____ Stored data

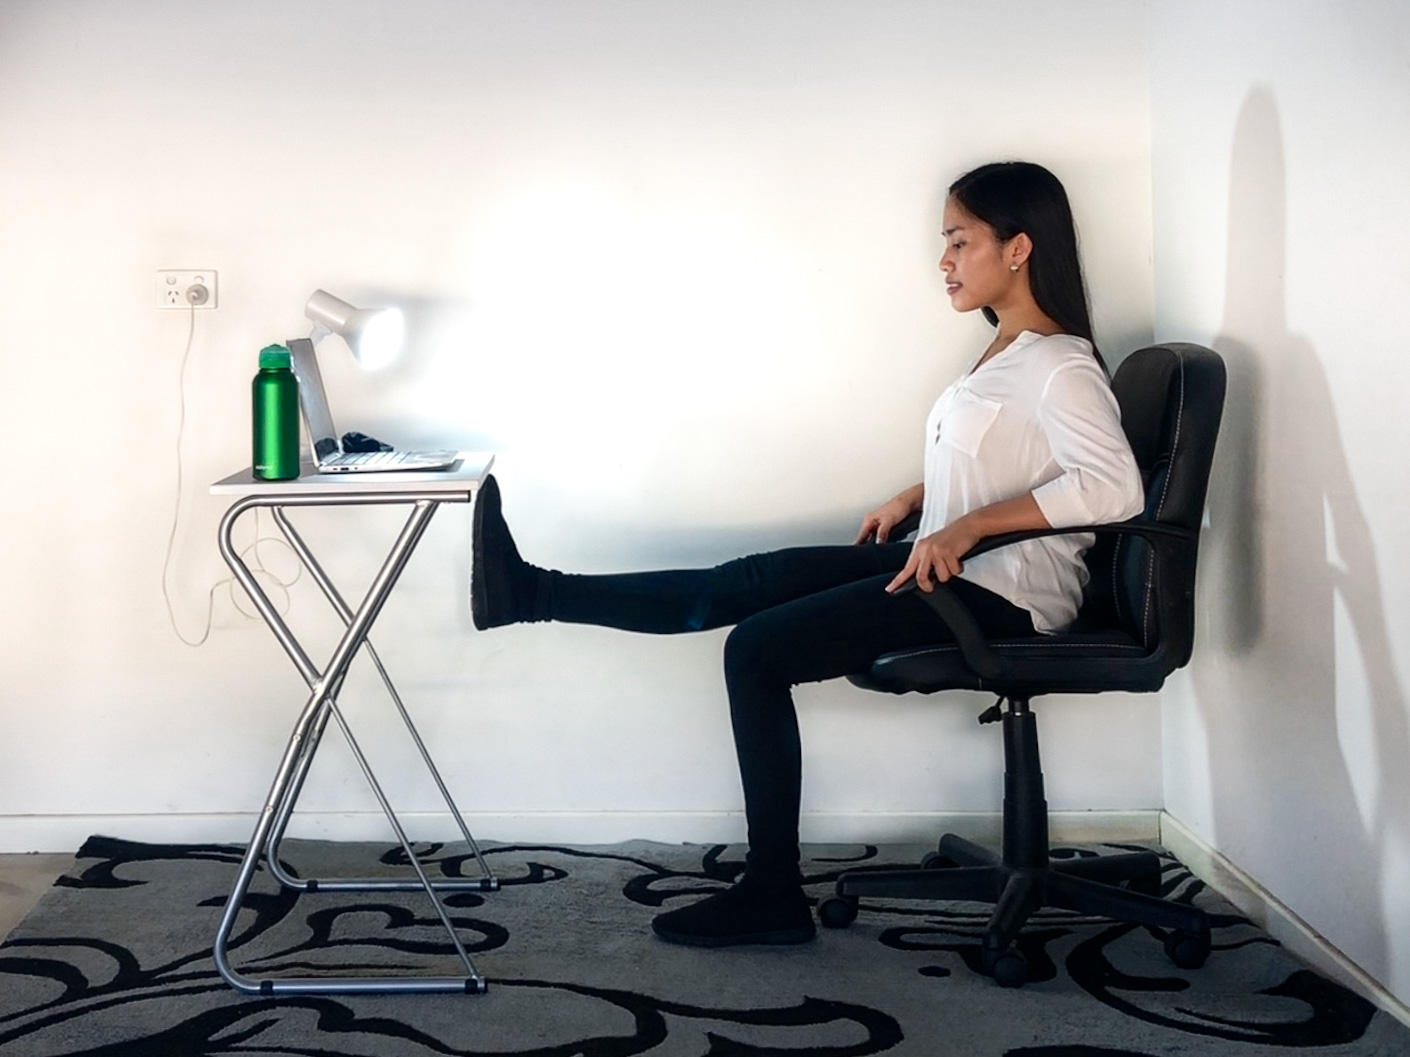 Get fit at your desk and seat - Ipswich Hospital Foundation
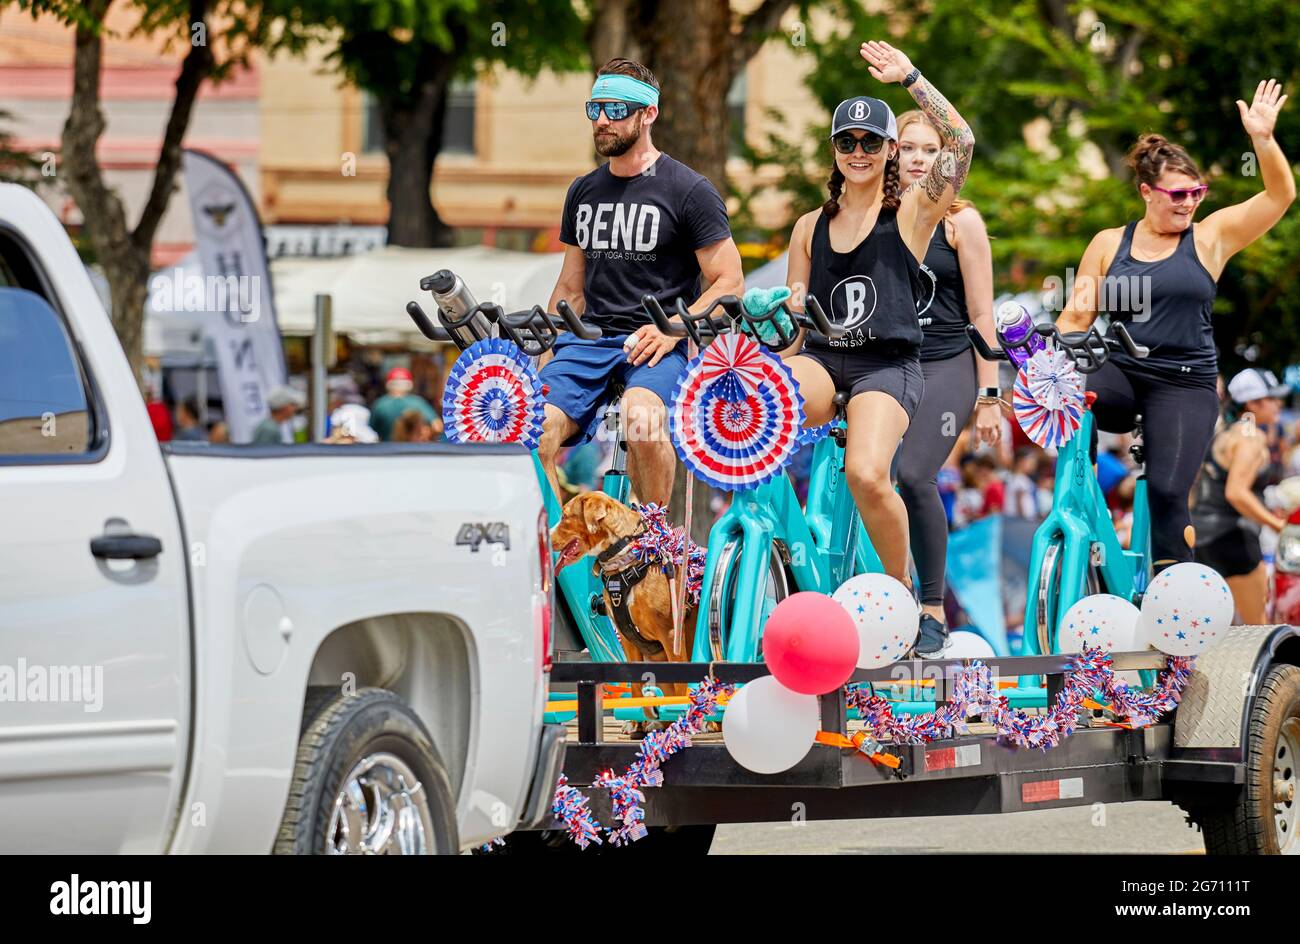 Prescott, Arizona, USA - July 3, 2021: Particpants riding stationary bikes and waving to the spectators in the 4th of July parade Stock Photo
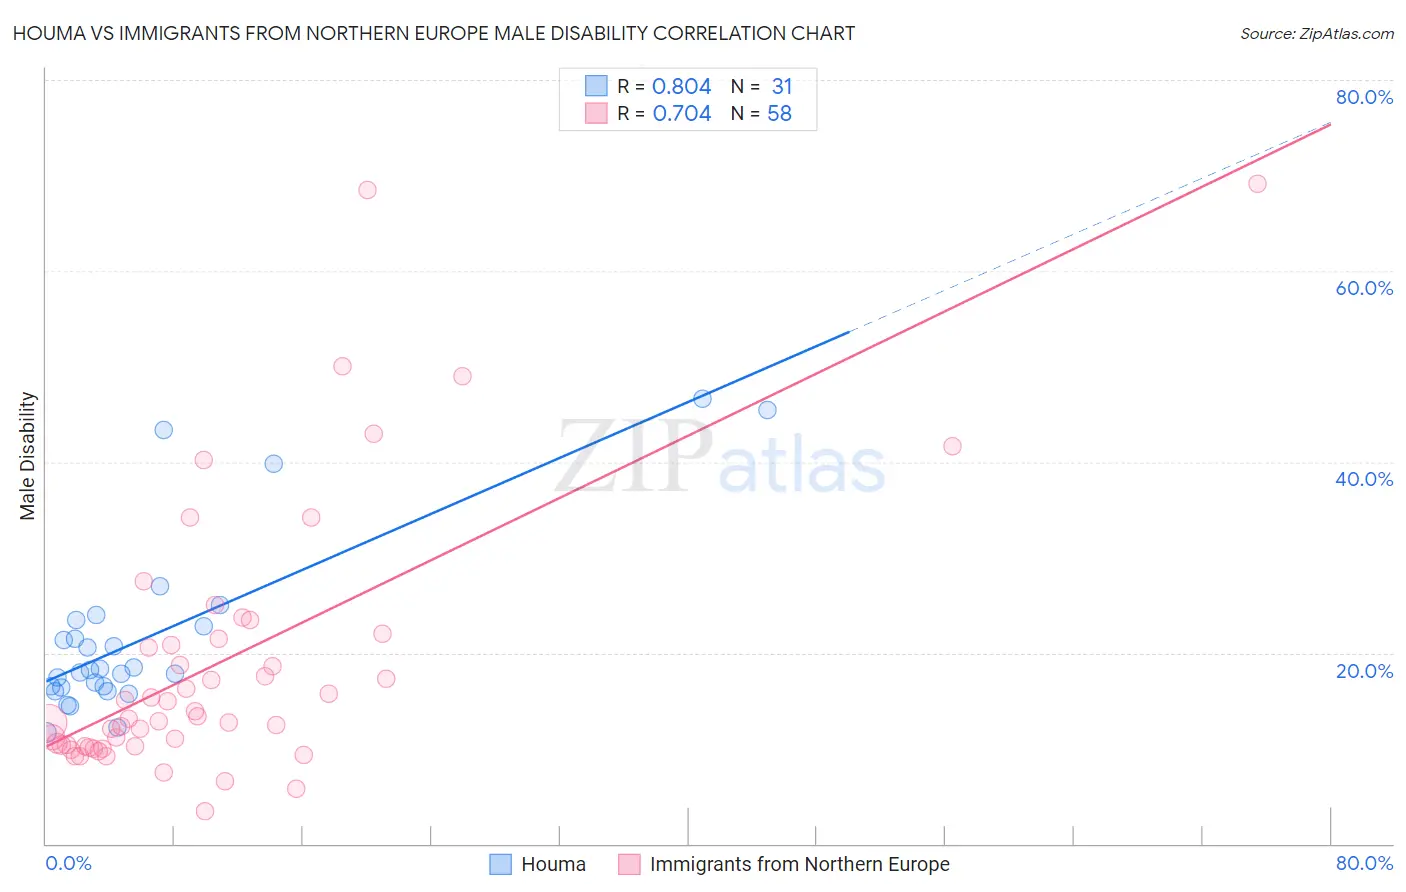 Houma vs Immigrants from Northern Europe Male Disability

________

▶ [Your assignment]: Return the full listing exactly as written, without any of its images.

▶ [Answer below]:
 Get fit at your desk and seat - Ipswich Hospital Foundation
 Prescott, Arizona, USA - July 3, 2021: Particpants riding stationary bikes and waving to the spectators in the 4th of July parade Stock Photo
 Houma vs Immigrants from Northern Europe Male Disability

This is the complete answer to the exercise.